I have a very nice “NIV” Bible that my Aunt Alice gave me in 1986. At Zephyrhills C.I., our visitors could go to the prison chapel every Sunday with us for an hour before visiting. My mother, Alice, and my niece, Tammy, came most Sundays. When the visiting preachers would say, “Turn in your Bibles to _________,” we’d all try to read the verse in the Bible, but the print was so small, it didn’t work. When Alice ordered a large-print Bible for me, it solved the problem. Four of us could read the verse with ease. Little did I know that twenty years later I needed the large print text myself!
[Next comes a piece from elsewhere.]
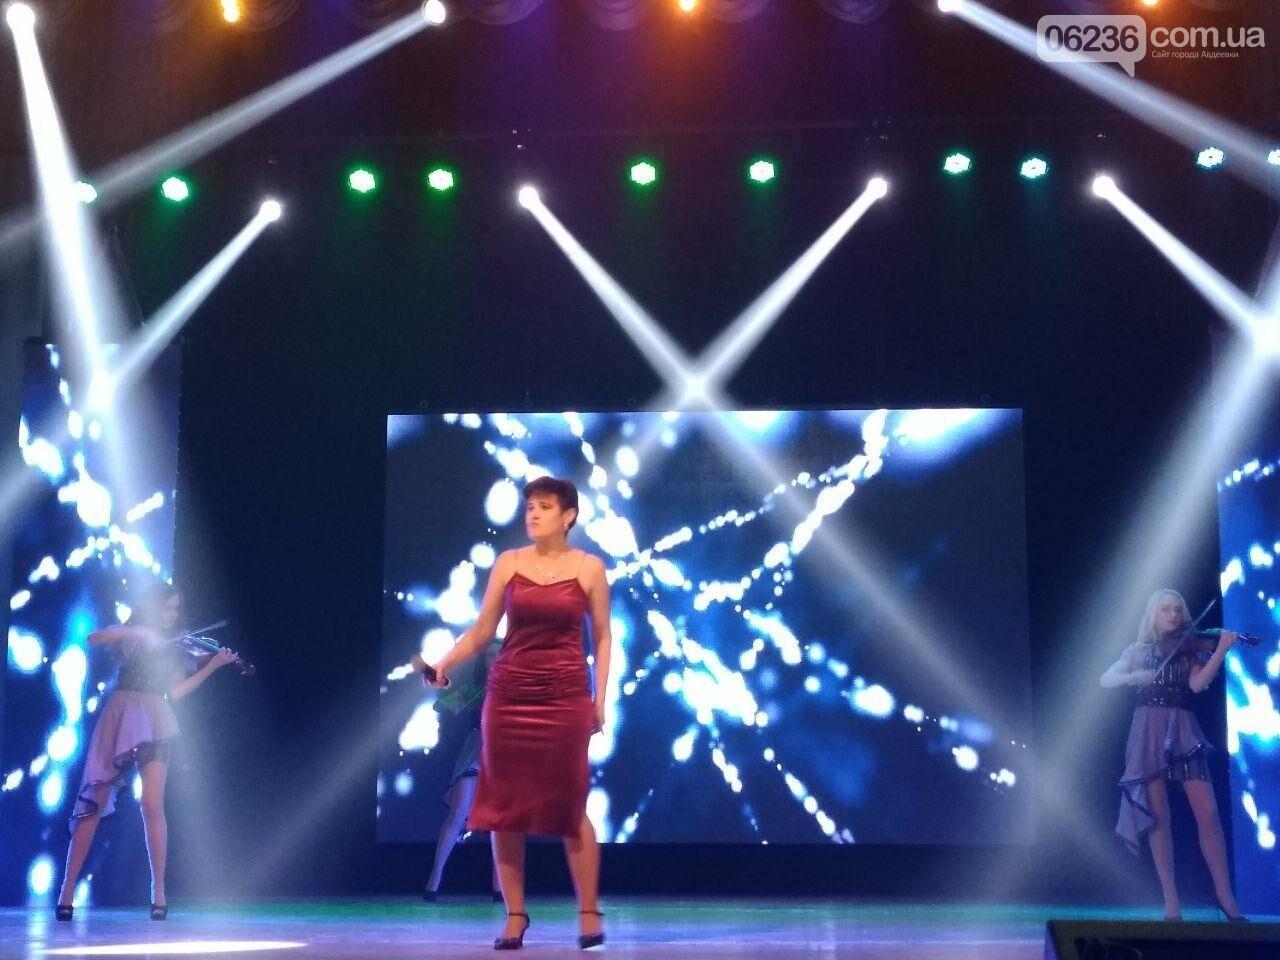 «АКХЗ - 55»: В Авдеевке определили победителей вокального шоу «Высоко» (ФОТО), фото-7

One thing I do is read a chapter of Psalms and Proverbs each day, depending on the date. Today I read Psalms 17 and Proverbs 17. If I have time (now) I’ll read five chapters of Psalms and some New Testament. It’s uncanny how there will be a verse on that date that applies to my situation, like in Psalms 17—“Give ear to my prayer—it does not rise from deceitful lips. May my vindication come from you; may your eyes see what is right.” And two verses from Proverbs 17: —“A wicked man listens to evil lips; a liar pays attention to a malicious tongue,” and “Acquitting the guilty and condemning the innocent—the Lord detests them both.”

I realized a long time ago that this is a spiritual battle I am involved in, and the forces of evil—in the form of state attorney Mark Ober (the Great Satan) and his minions have been firing at me forever, it seems, and there’s no doubt in my mind that all the prayers made on my behalf by so many true believers have kept me alive and safe. So be it.

It’s getting a little noisy back here now. The “psych meds” must be wearing off my fellow confines. I will continue this record when I can, or until they take my half-pen. Meanwhile, prayers or any other help you can offer will be appreciated. Thanks.